In a textbook, indexes are small, maybe a few pages, or 50 pages at the most. If the editors attempted to index every single term in a book, and every single location that term can be found, the index would likely be larger than the textbook itself. Obviously, this isn’t practical.

Instead, authors and editors can use their discretion to choose which terms and words are important enough to decide to index, and if a page is important enough to add to the index.

When building a search engine, how can we choose the terms which matter and ignore those which don’t? The search engine does not normally have access to the author or editors to build an index of a page. It has to figure out a way for itself.

⚖️ Not all Words are Equal

Not every word carries the same weight in a sentence or a phrase. Some words provide rich context, while others add little or no value. If we examine the inverse index from our naïve approach, we notice a lot of junk words and stop words, common words that don’t help in finding relevant information.

Take a look at this sentence:

'Moreover, in most languages such as English, we use lots of words which add little meaning.'

Now, think about the actual value of the following words:

🚫 'Moreover', 'in', 'most', 'such', 'as', 'we', 'use', 'lots', 'of', 'which'
✅ 'languages', 'English', 'words', 'add', 'little', 'meaning'

These words don’t significantly change the meaning much. They act as glue but don’t carry much weight when searching for key concepts.

🤔 Word Frequency and Stopwords

Common words, often called stopwords, appear frequently but don’t significantly change the meaning of a sentence. In contrast, less common words carry more weight because they help differentiate between topics.

🧩 Example: If you search for ‘energy crisis’, the words ‘energy’ and ‘crisis’ are far more useful than ‘the’, ‘in’, or ‘of’, which appear in almost every document.

⁉️ So, how do we quantify which words are important and which ones can be ignored?

📊 Term-Frequency Map (TF)

A dirt simple approach is to simply count the word occurrences throughout our corpus. By building a histogram of terms, we can analyze and see which words appear frequently, and which words appear rarely.

Once we have these counts, we can:

✅ Ignore extremely common words (like ‘the’, ‘in’, ‘of’).
✅ Prioritize rare but meaningful words (like ‘mitochondria’, ‘photosynthesis’).

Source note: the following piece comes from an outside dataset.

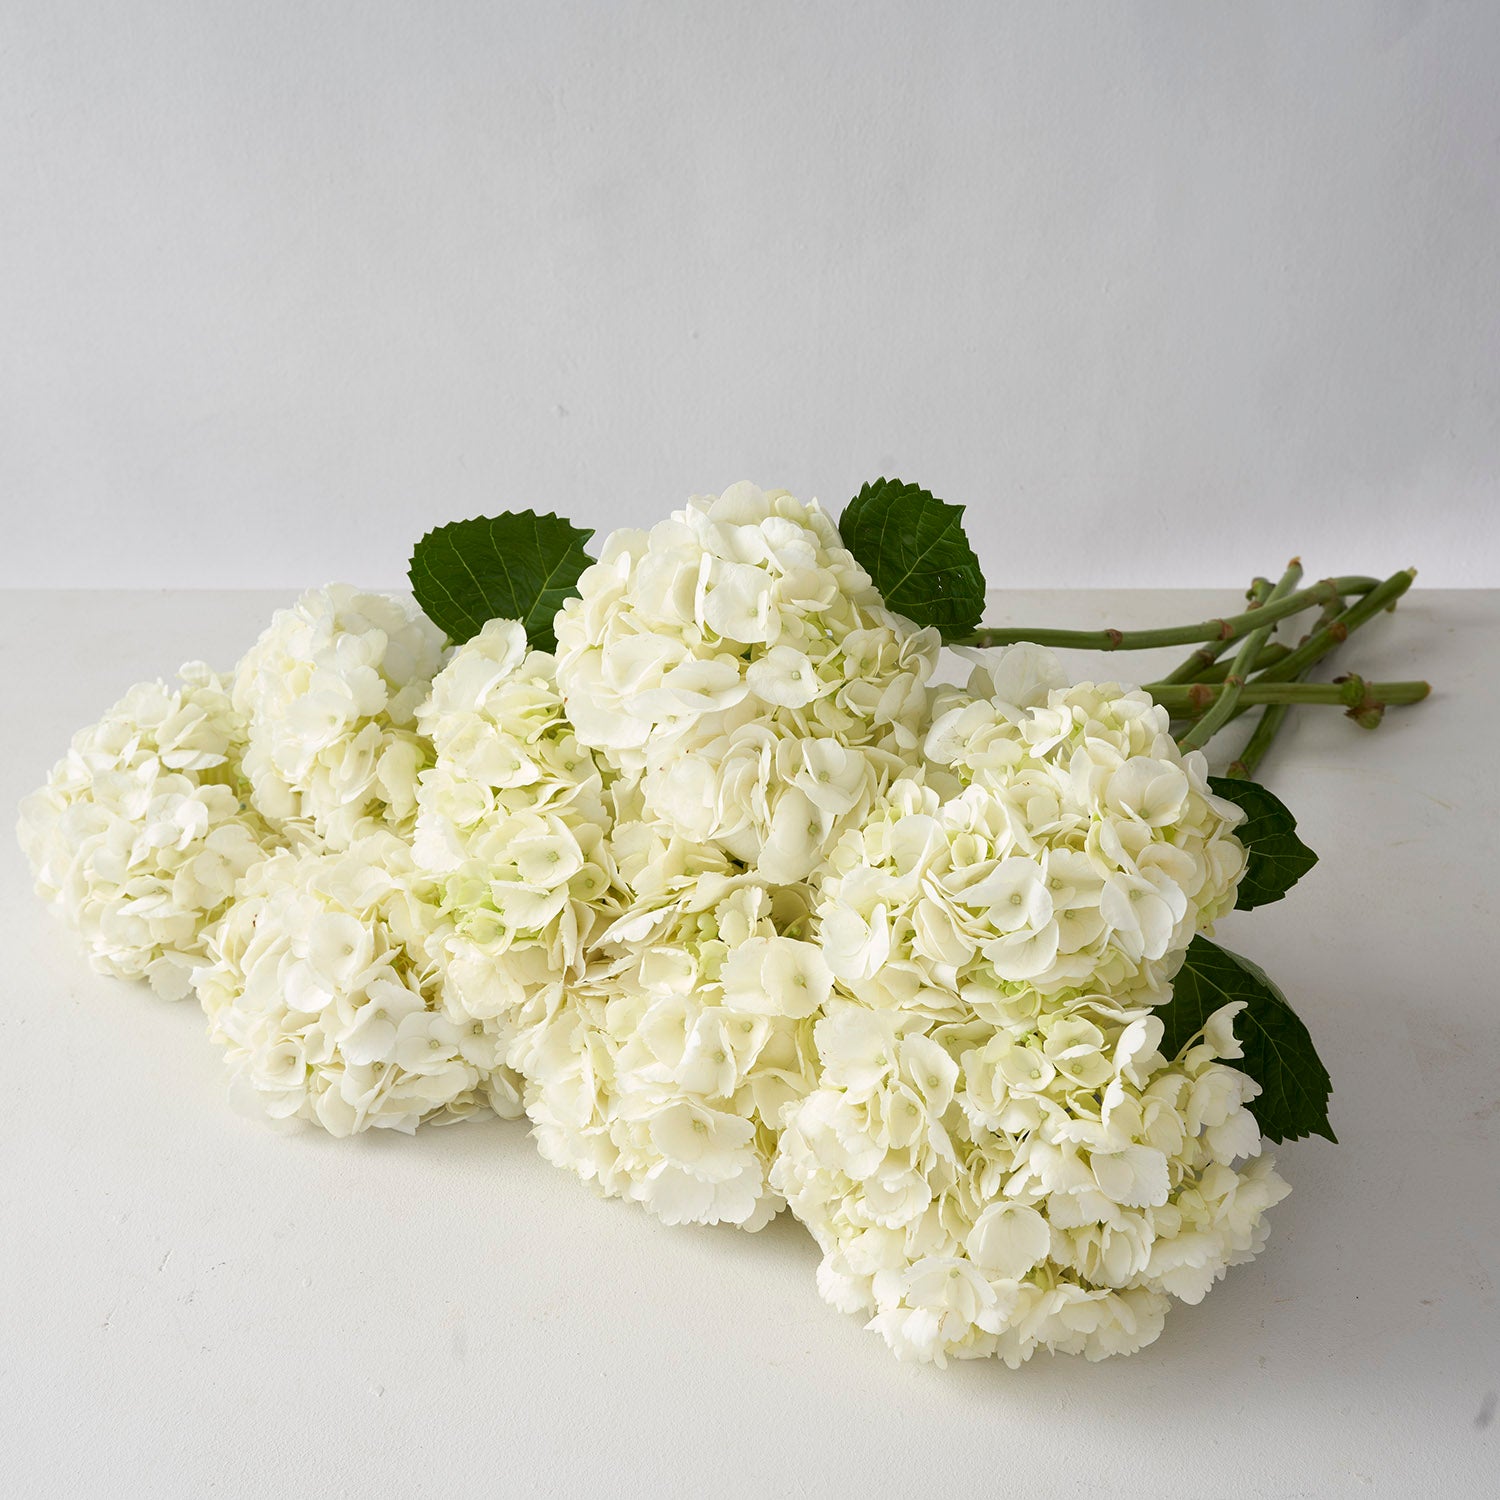 bouquet of white hydrangea on white background.

Let’s build! To build a term-frequency map, we simply

const termFrequencyMap = new Map();

for (const article of corpus) {
  const { text, title } = article;
  const tokens = tokenize(normalize(text));

  // Add or increment the count of each token in the histogram map
  for (const token of tokens) {
    termFrequencyMap.set(token, (termFrequencyMap.get(token) || 0) + 1);
  }
}

🧐 Zipf’s Law

the
be
to
of
and
a
in
that
have
I
it
for
not
on
with
he

Zipf’s law: ‘an empirical law stating that when a list of measured values is sorted in decreasing order, the value of the n-th entry is often approximately inversely proportional to n.’ (Wikipedia:zipf’s law)

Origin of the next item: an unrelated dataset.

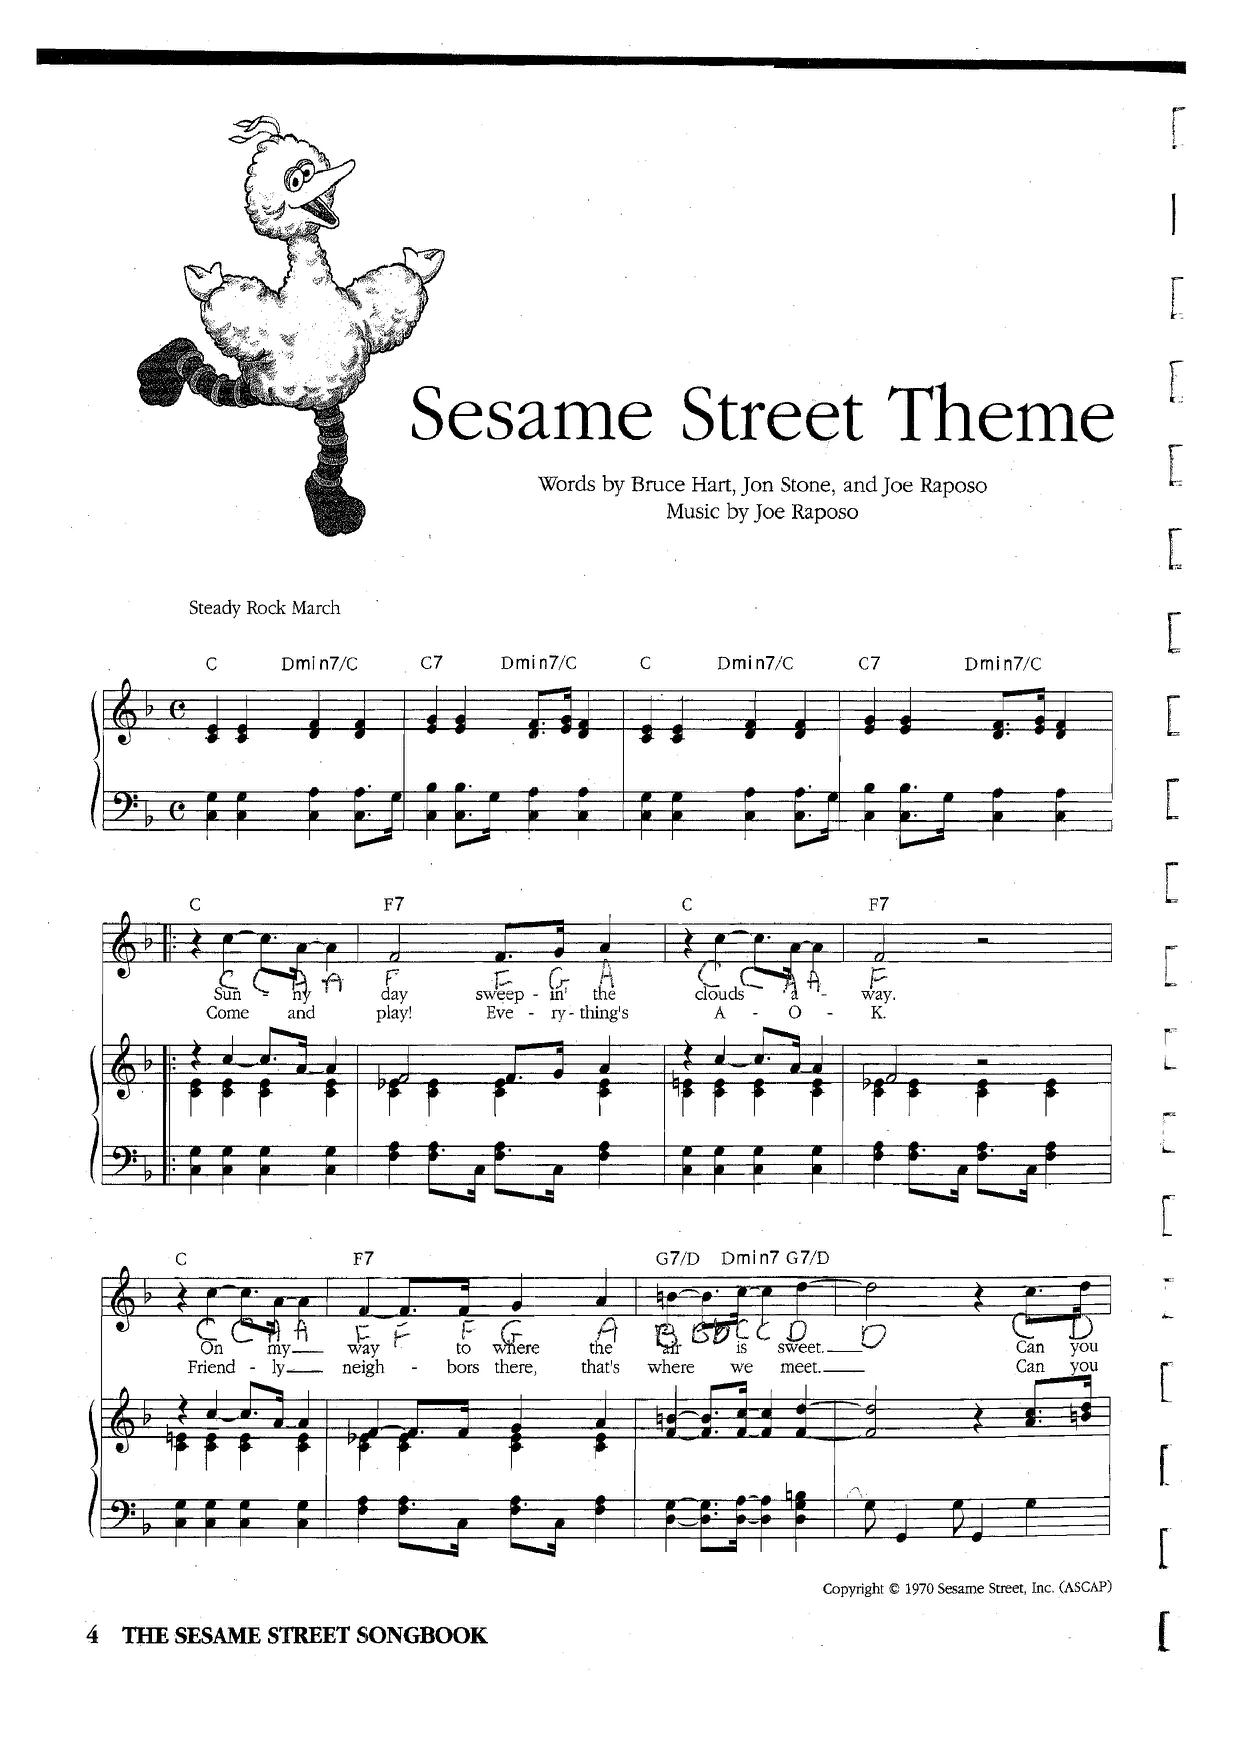 Sesame Street Theme Score

Zipf’s law states that the frequency of a word is inversely proportional to its rank , mathematically expressed as:

f (r) = \frac{C}{r^{s}}

where:

$s$ is a characteristic exponent, normally close to $1$ for natural language
$r$ is the rank of a term. Given an array of terms in a corpus, sorted by their frequency of occurence, the rank is the index of a term
$C$ is a constant which is used to normalize the probabilities to $1$ . We will use $C = 1$ in this article.

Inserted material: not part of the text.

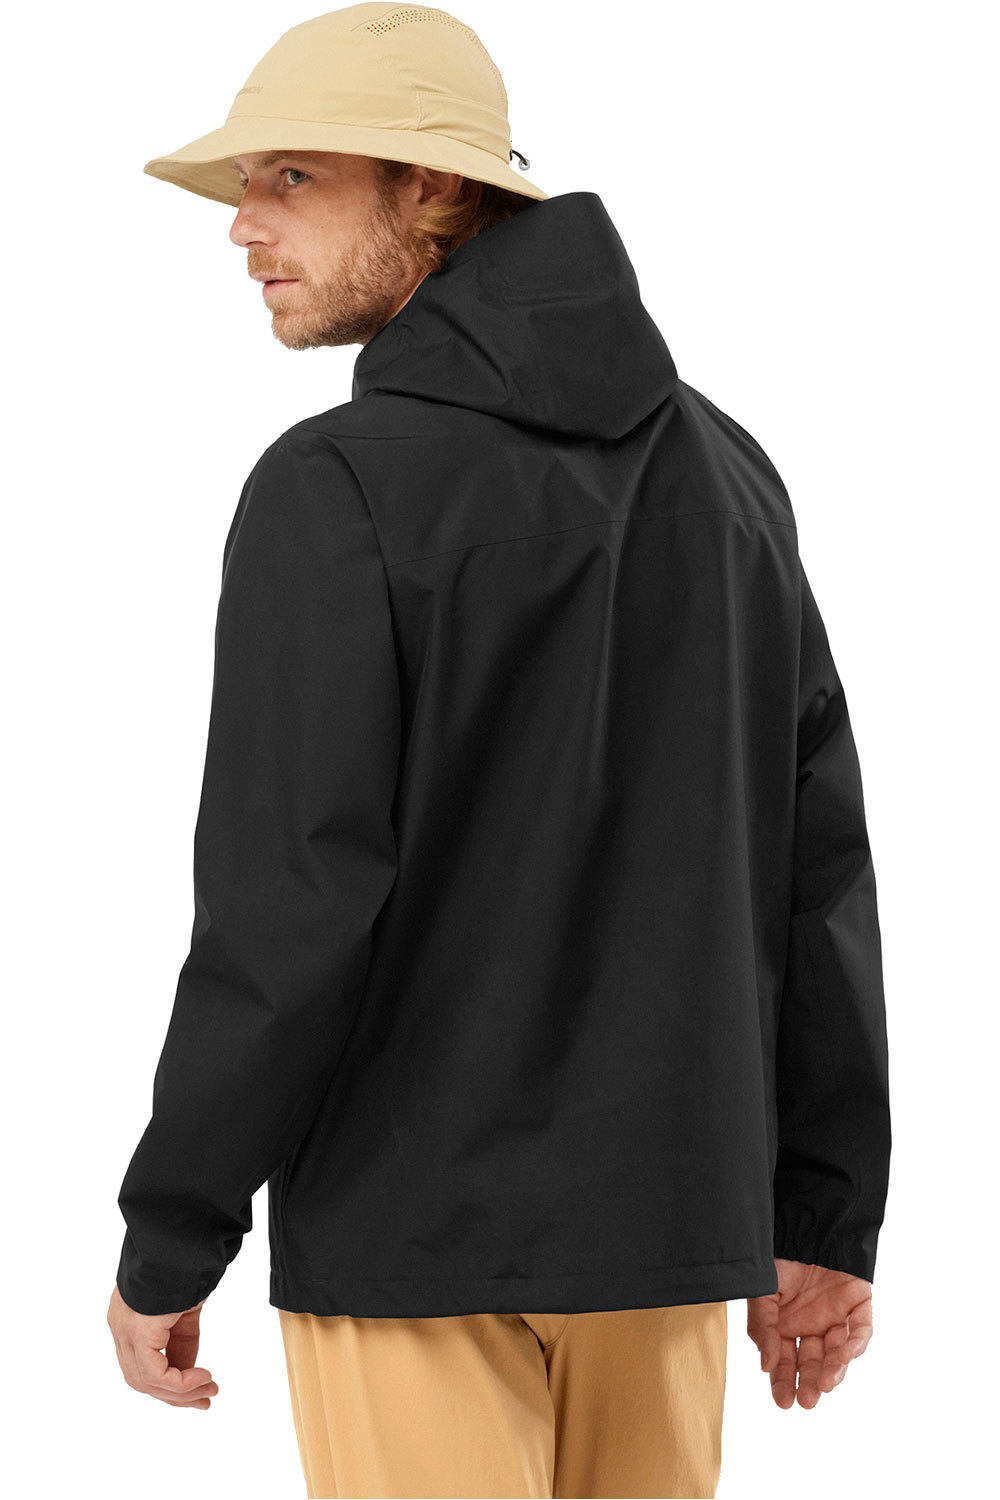 Salomon chaqueta impermeable hombre OUTLINE GORE-TEX  2.5 LAYERS vista trasera

Since $s$ is normally very close to $1$ , we can approximate it as:

f (r) \propto \frac{1}{r} = \frac{C}{r}

🕵️ Vocabulary Analysis in Æsop’s Fables

For the analysis and visualizations below, I used Python along with a few libraries:

NumPy for numerical computations
SciPy for statistical analysis
Matplotlib for visualization.

Note that the code used to generate these plots is hidden using a magic command of this website. The code is available in the last page (errata) as well as linked in the sources section

$k$ terms are randomly sampled so matplotlib does not choke on the data.

Analysis steps:

Preprocess & Tokenize text. I used node.js with the same preprocessing code as used elsewhere in this article
Graph data
- Terms were sorted by their frequency, high to low
- $k$ terms were randomly sampled from the corpus, $k = 2000$ for this visualization
- Scipy was used to perform linear regression on the $\log (rank) : \log (frequencies)$
- Results were graphed using matplotlib

📈 Visualization

Console Logs

Fitted Zipf parameters: s = 1.100, C = 3.238e+03

R-squared: 0.9778, p-value: 0, std-err: 0.003708

minimum frequency filter: n=1; sample count: k=2000

Display Output

🕵️ Is the Vocabulary of Aesop Fables Zipfian?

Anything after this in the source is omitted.